Es gibt ein jährliches Treffen aller etwa 700 Mitglieder. Die Mitglieder sind weltweit verstreut. Es ist also kein Face-to-Face-Meeting, sondern ein IRC (Internet Relay Chat) geführtes Meeting mit einem digitalen Abstimmungs-Tool dahinter. Bei diesen Treffen schlagen existierende Mitglieder neue vor und es wird dann per Abstimmung über die Aufnahme entschieden.

Spannend. Keine Videokonferenz, sondern ein Chat mit 700 Menschen?

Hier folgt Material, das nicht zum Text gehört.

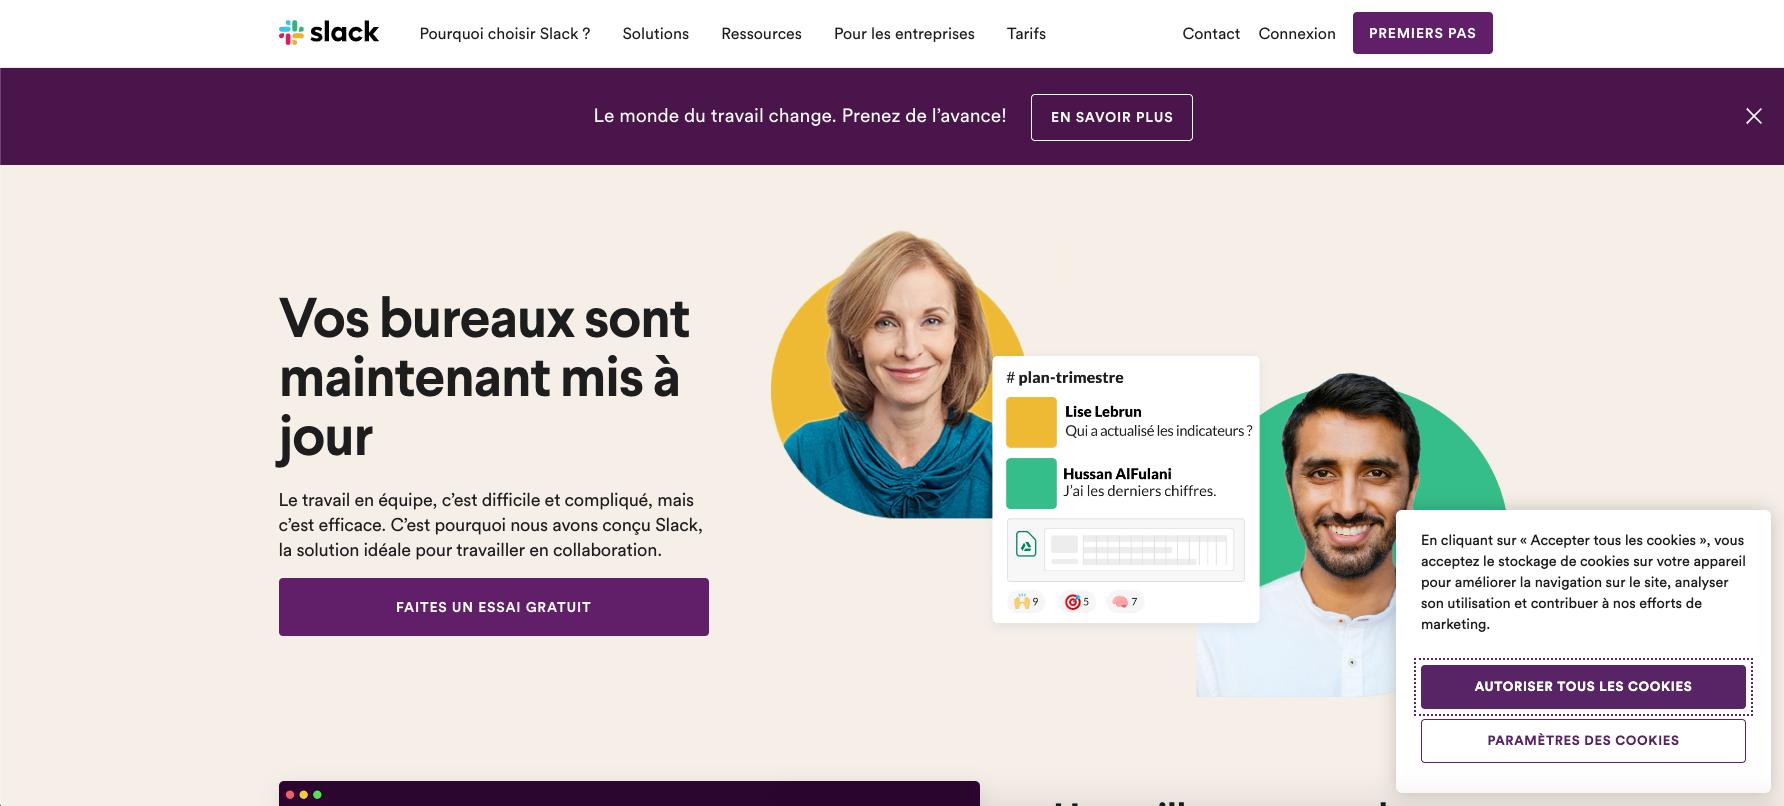 La page d'accueil du site de Slack avec la bannière de gestion des cookies

Ja, denn technisch wäre eine Videokonferenz mit 700 Teilnehmern unmöglich. Selbst das Aufsetzen des IRC mit so vielen Teilnehmern ist eine technische Herausforderung. Das Meeting läuft über drei Tage. Am ersten Tag ab 19:30 Uhr mitteleuropäischer Zeit wählen sich die Mitglieder ein. Es werden ein Drittel aller Mitglieder gebraucht, um die Versammlung zu starten. Das ist der Kick-off für die Wahl-Tage. Dann haben die Mitglieder drei Tage lang Zeit, asynchron über ein Webinterface abzustimmen.

Worüber wird abgestimmt?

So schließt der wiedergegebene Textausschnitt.